== Record set ==
#####
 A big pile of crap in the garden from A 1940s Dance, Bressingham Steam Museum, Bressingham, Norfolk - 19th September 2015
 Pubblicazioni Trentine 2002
#####
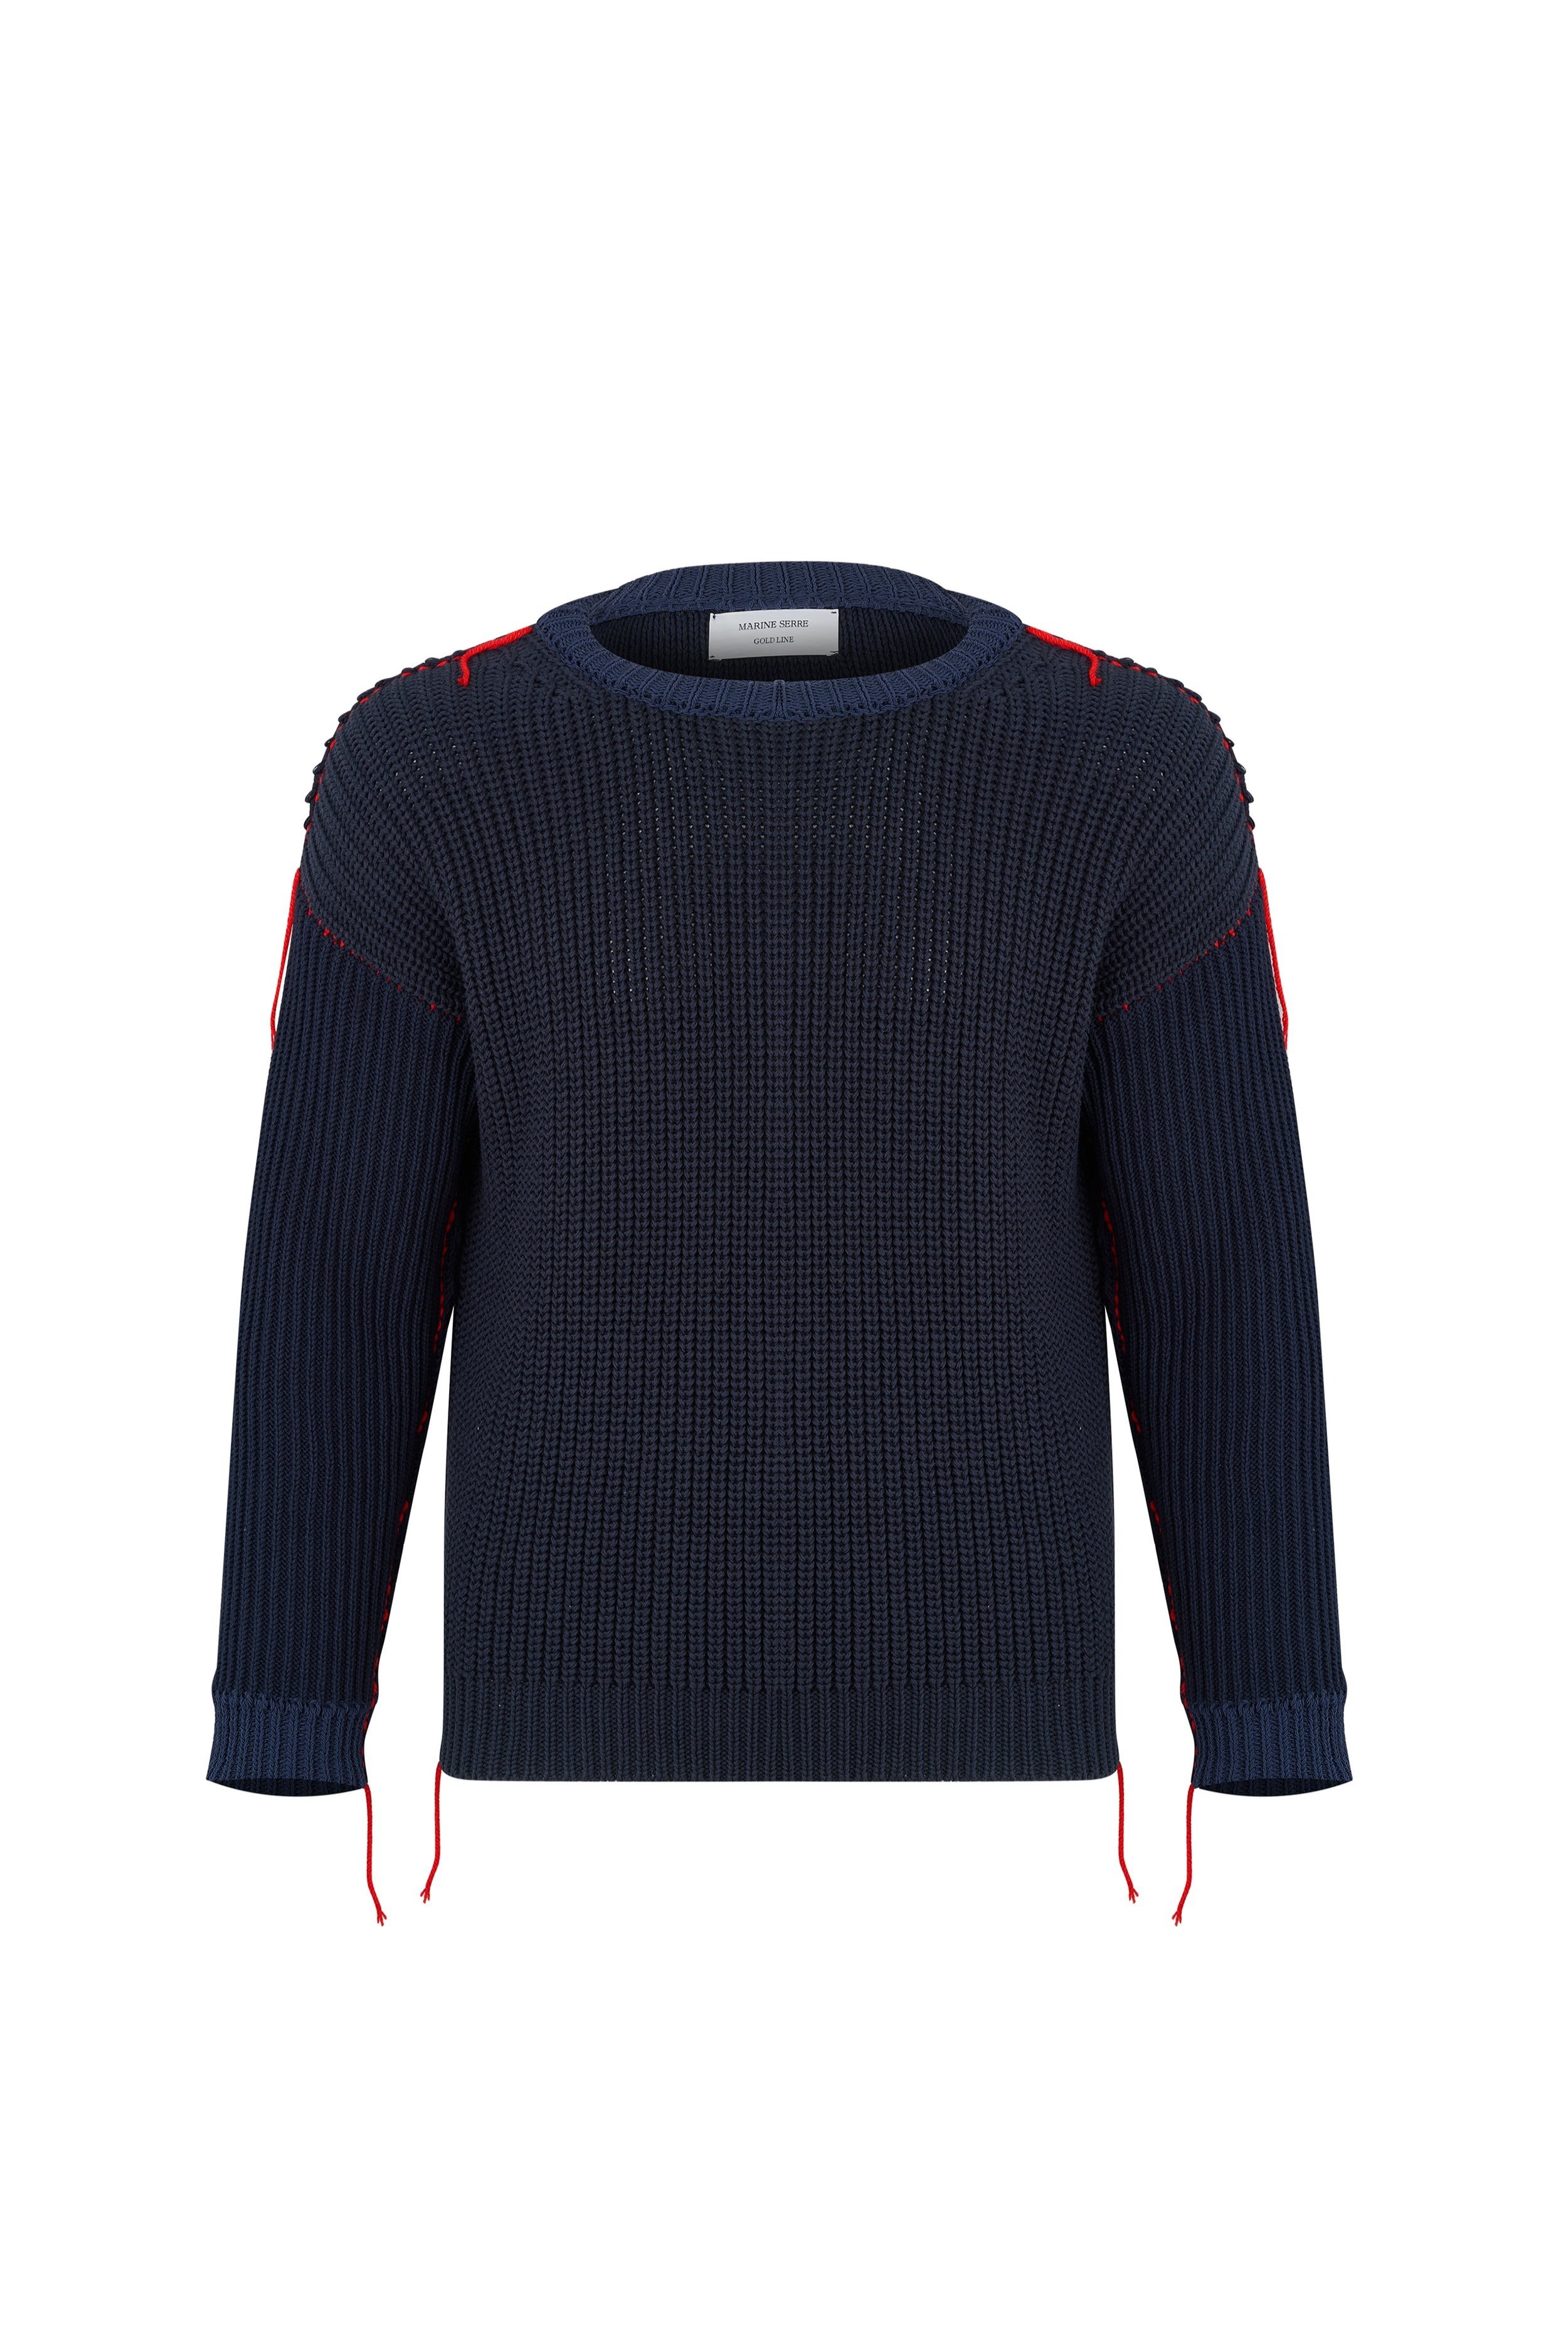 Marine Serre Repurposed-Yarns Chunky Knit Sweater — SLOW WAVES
#####
== Your task ==
Word for word, restate the lines of the listing above starting at the line with "A big pile of" and ending at the line with "Pubblicazioni Trentine 2002", and nothing outside them.

== Your solution ==
 A big pile of crap in the garden from A 1940s Dance, Bressingham Steam Museum, Bressingham, Norfolk - 19th September 2015
 Pubblicazioni Trentine 2002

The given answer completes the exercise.